Alec Prince, director for mode Transport Planning, looks at the effects of the pandemic on transport in the capital.
The global coronavirus pandemic in 2020 has led to widespread disruption and change to travel in London (and to the aspects of people’s daily lives that underlie travel demand) of a scale unprecedented in modern times.
These impacts are shared – to differing degrees – in cities across the globe although, ultimately, they are expected to be temporary, albeit with the possibility of some lasting changes.
In the week of the initial lockdown announcement in mid-March 2020, travel demand on all networks fell rapidly, but the scale and timing of the reduction was different for each mode.
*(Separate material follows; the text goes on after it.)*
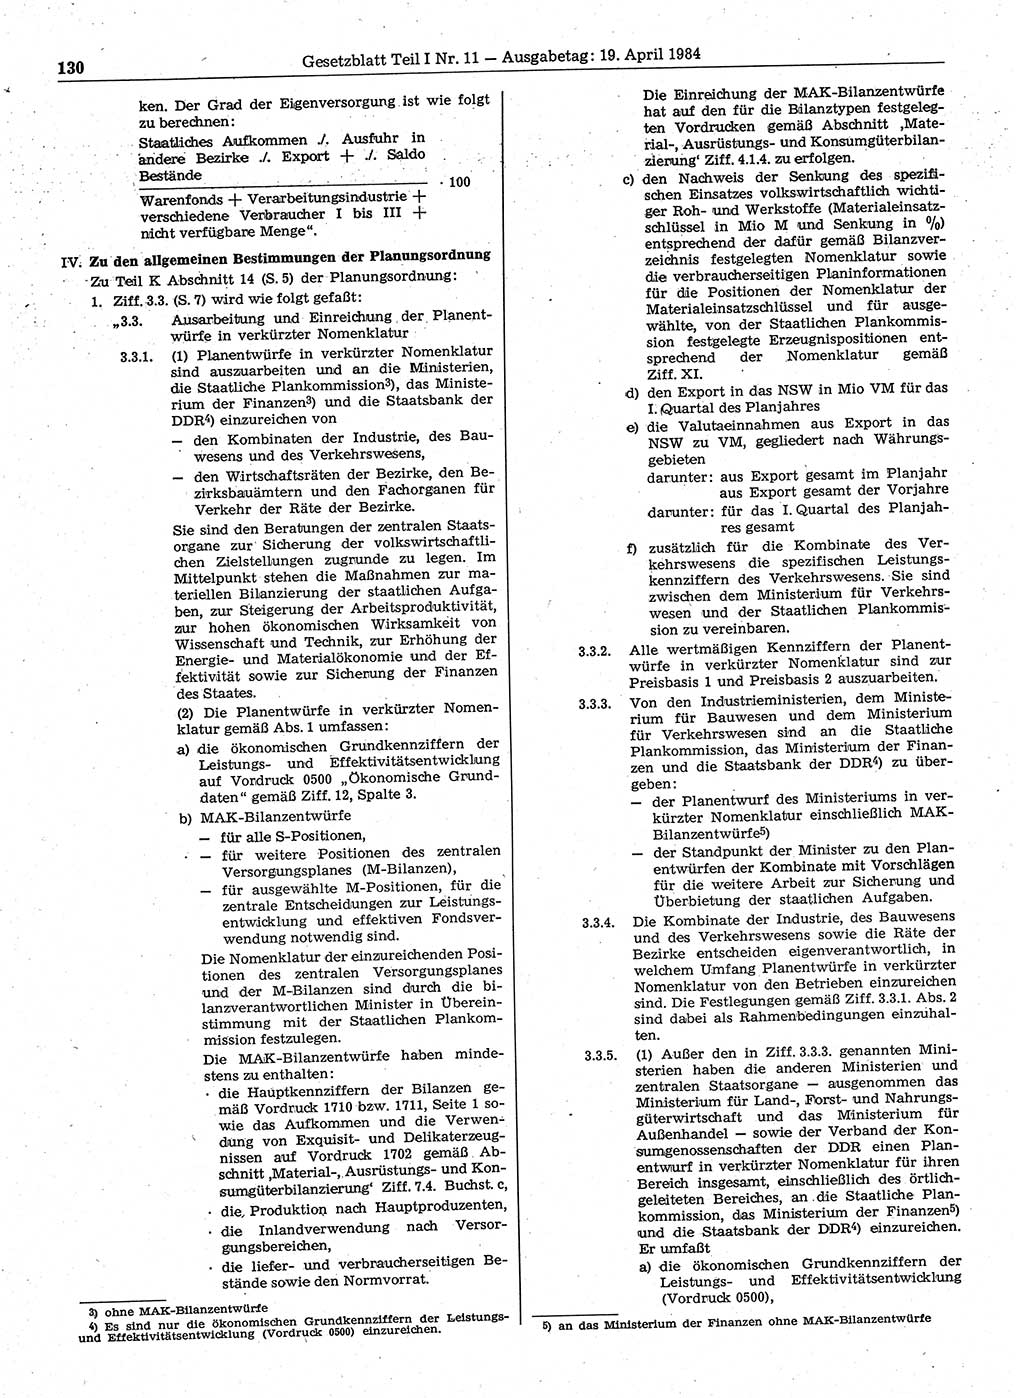 Gesetzblatt (GBl.) der Deutschen Demokratischen Republik (DDR) Teil Ⅰ 1984, Seite 130 (GBl. DDR Ⅰ 1984, S. 130)

- London Underground saw the biggest and quickest drop in demand, which at the lowest point, in the days following the lockdown announcement, reached a maximum of 97 per cent (ie only three per cent of normal patronage remained).
- Bus demand also fell sharply, with up to an 86 per cent drop at the lowest point.
- The fall was smallest for motorised road traffic on the Transport for London Road Network (TLRN) which, at the lowest point, only saw a maximum 65 per cent reduction with respect to 2019 at the London-wide level.
An immediate challenge in terms of planning for London’s recovery is to understand the extent to which the impacts of the pandemic are likely to have changed what individuals will need and choose to do.
This includes changes in activities such as employment and travel, in the medium-term future, and how their own personal evaluation of the pandemic and post- pandemic world, including those of businesses, is likely to affect the travel choices they make in the future.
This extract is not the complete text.